INFORMATION SHOWN.
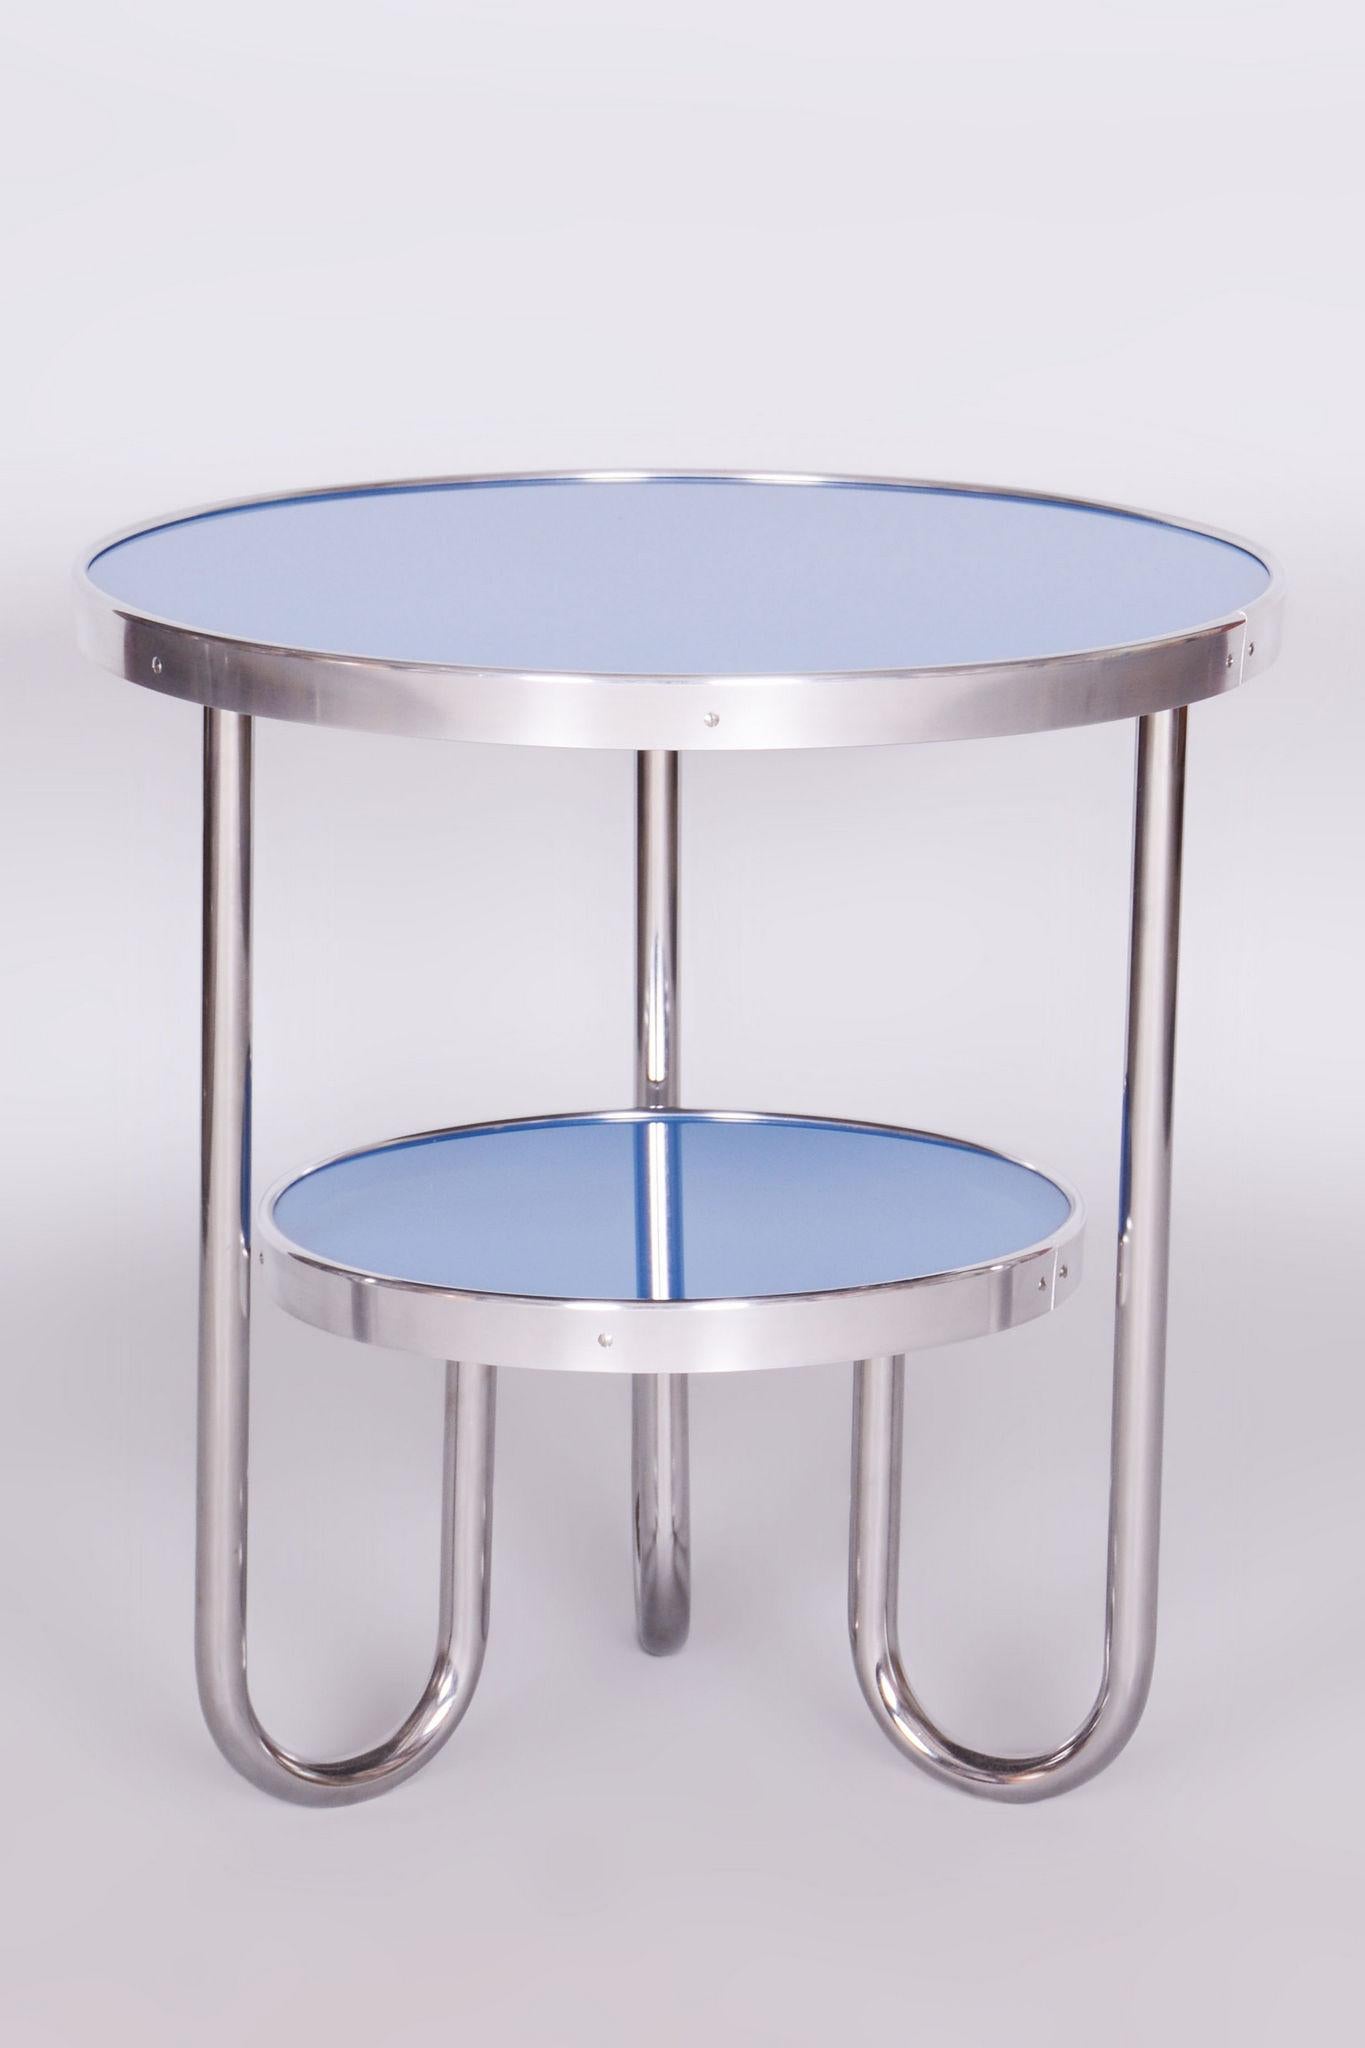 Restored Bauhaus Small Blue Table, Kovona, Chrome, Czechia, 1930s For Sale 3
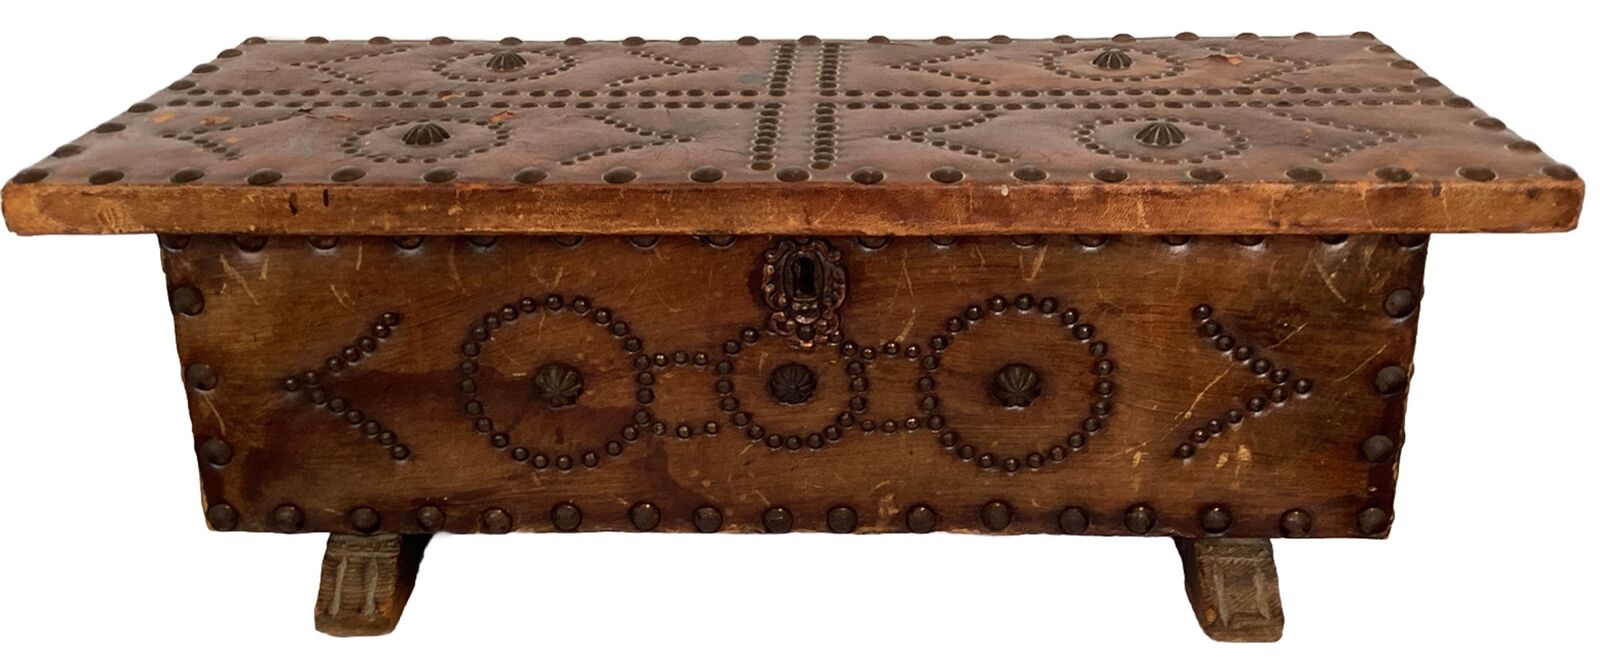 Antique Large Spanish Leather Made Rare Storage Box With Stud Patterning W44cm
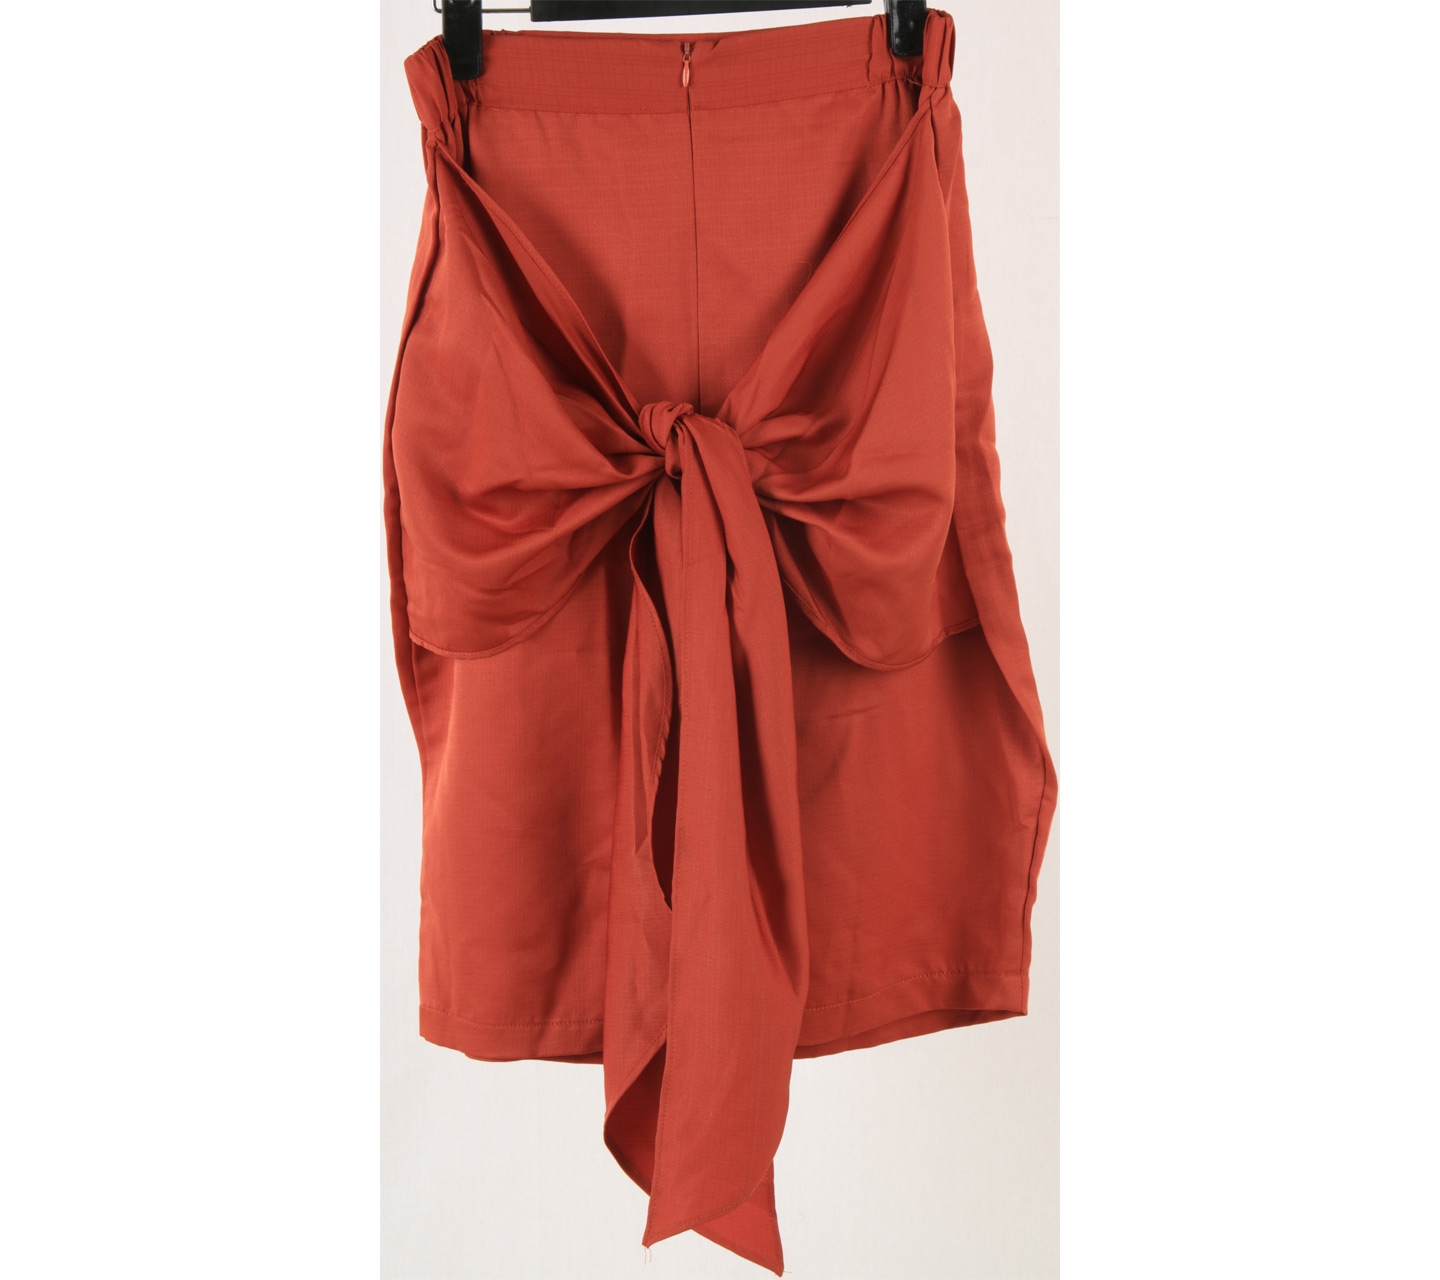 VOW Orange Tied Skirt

ASSIGNMENT. All lines above are to be restated word for word, with pictures excluded.

RESULT FOR THIS TASK.
 Restored Bauhaus Small Blue Table, Kovona, Chrome, Czechia, 1930s For Sale 3
 Antique Large Spanish Leather Made Rare Storage Box With Stud Patterning W44cm
 VOW Orange Tied Skirt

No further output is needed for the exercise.